**What you have to do**: Using the entries below, write out the line with "Mercati finanziari nel", the line with "Keyport Pivot 2.0 Essential Plus Kit", and every line in between, exactly as each is written.

Exercise material START

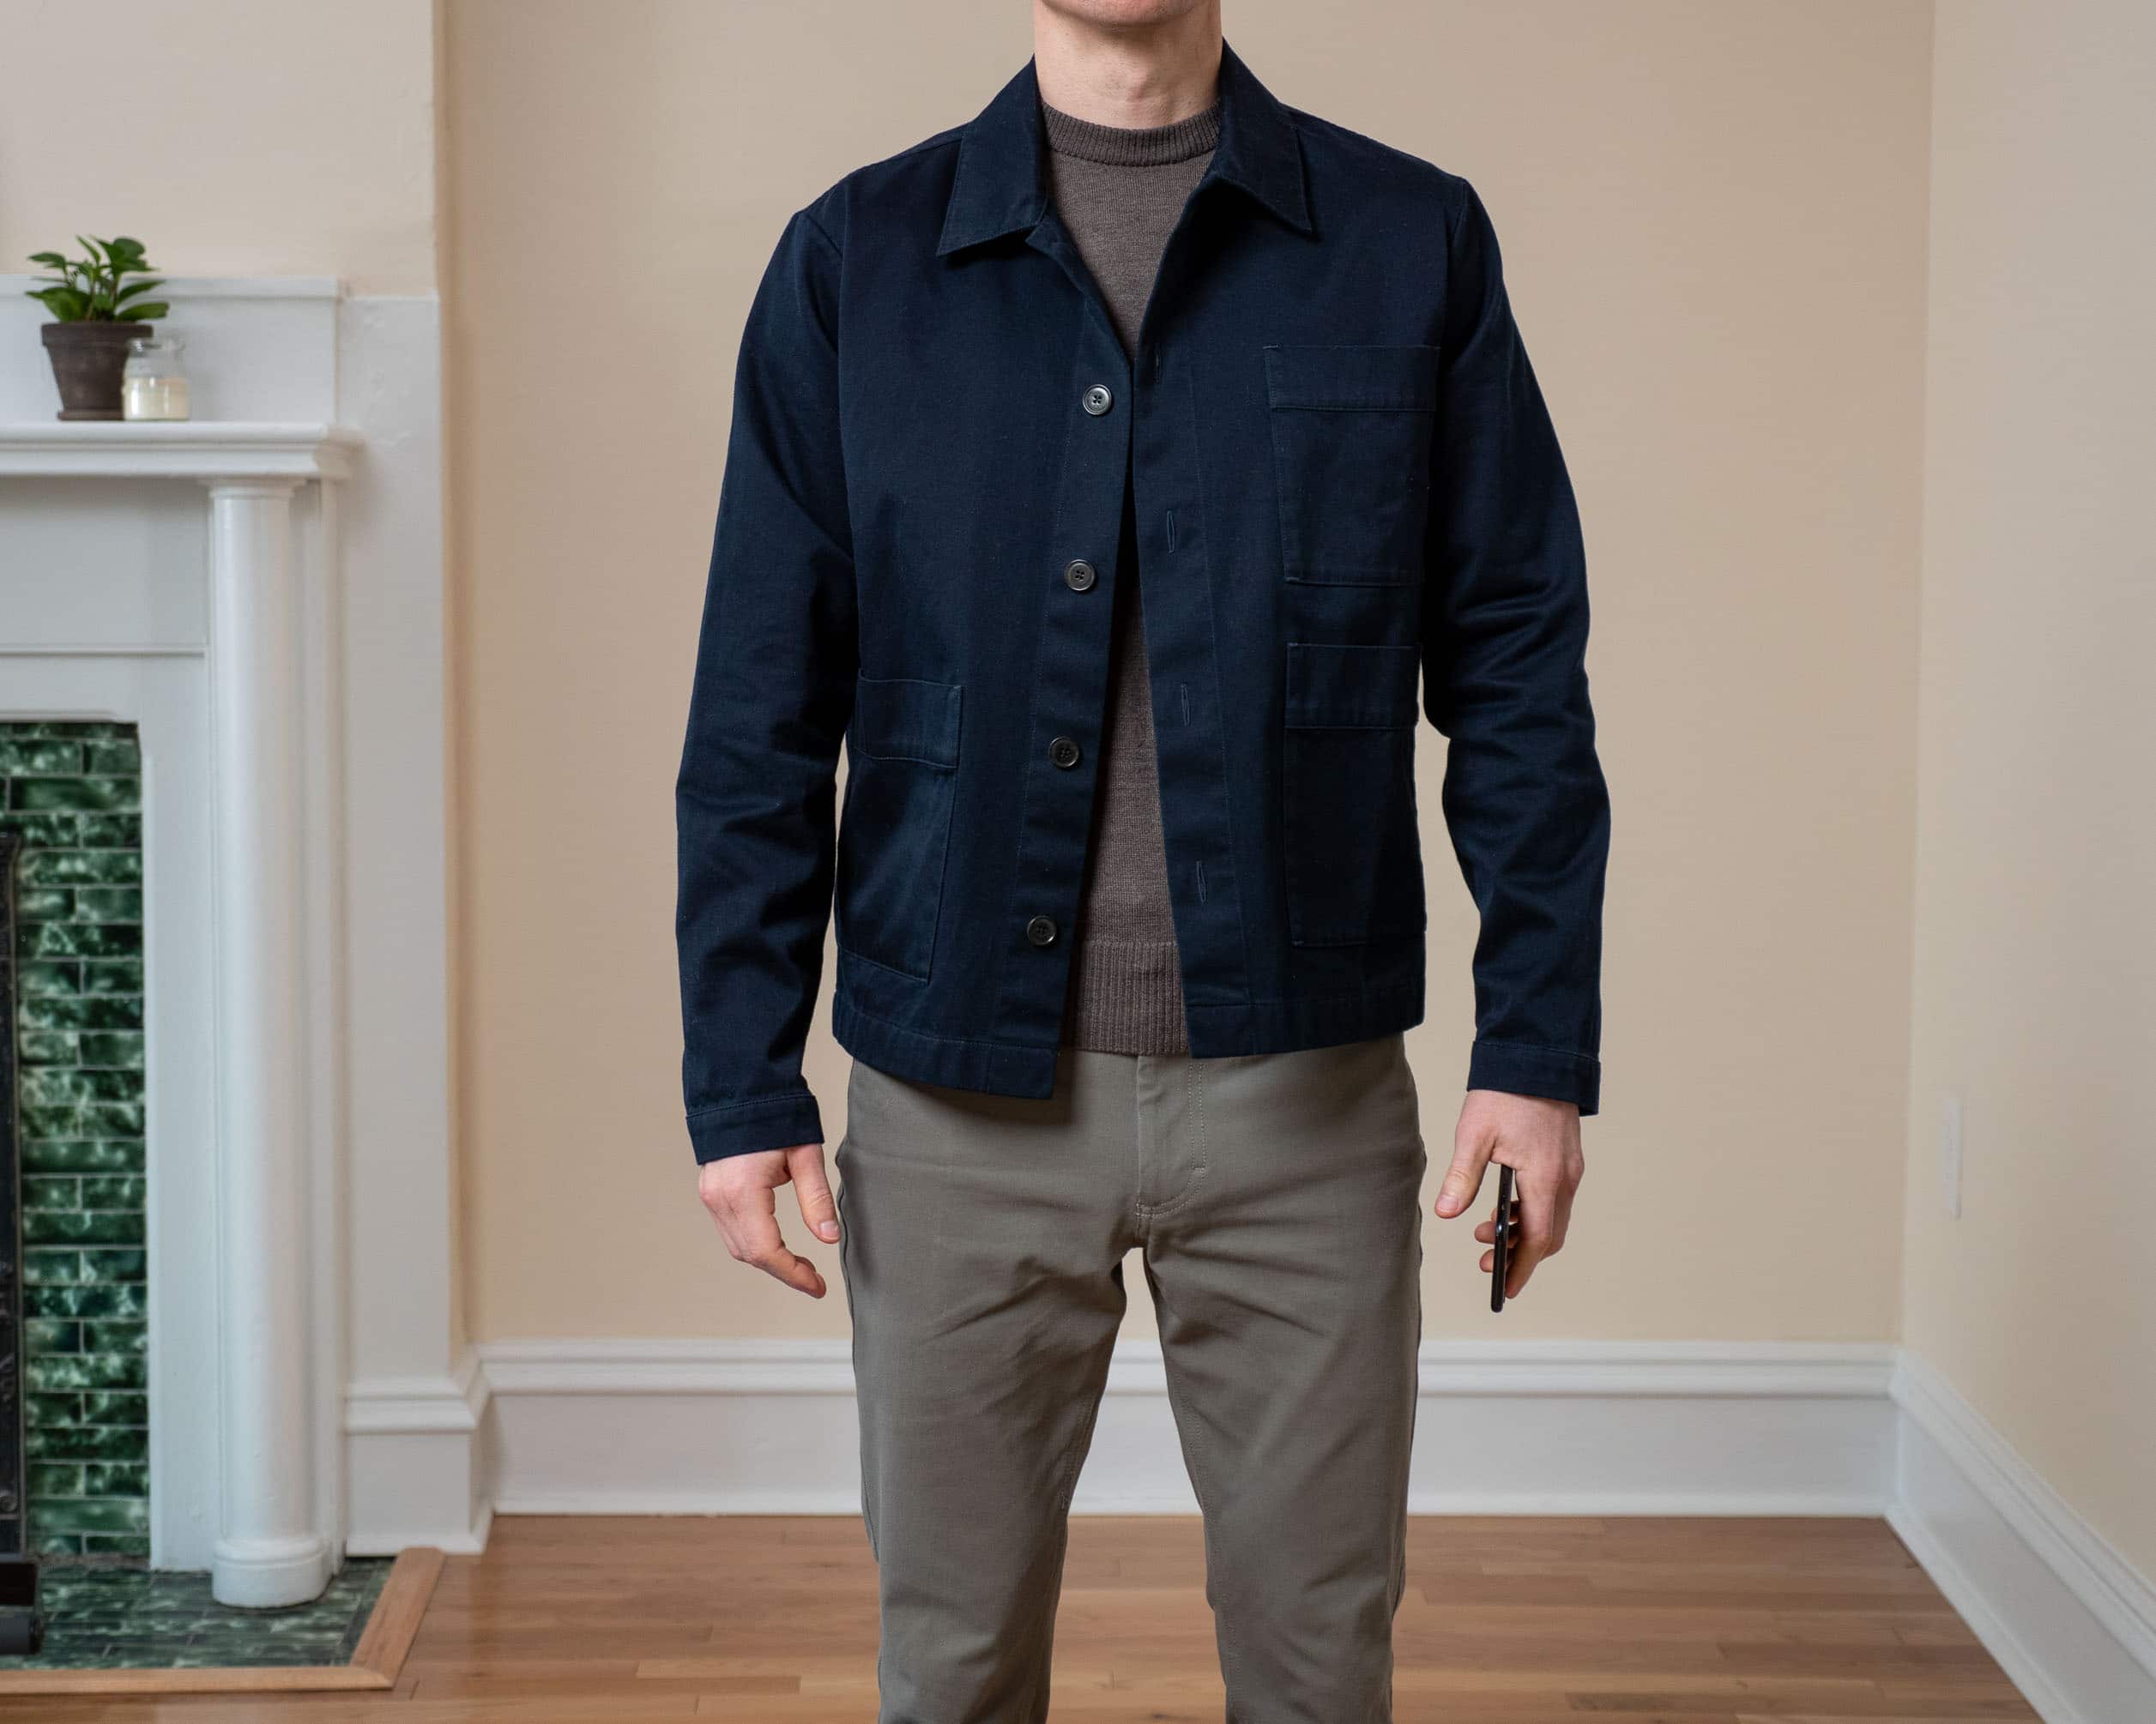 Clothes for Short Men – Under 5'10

Exercise material END
Exercise material START

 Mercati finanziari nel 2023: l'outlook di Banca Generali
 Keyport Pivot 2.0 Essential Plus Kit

Exercise material END

**Exercise response**:
 Mercati finanziari nel 2023: l'outlook di Banca Generali
 Keyport Pivot 2.0 Essential Plus Kit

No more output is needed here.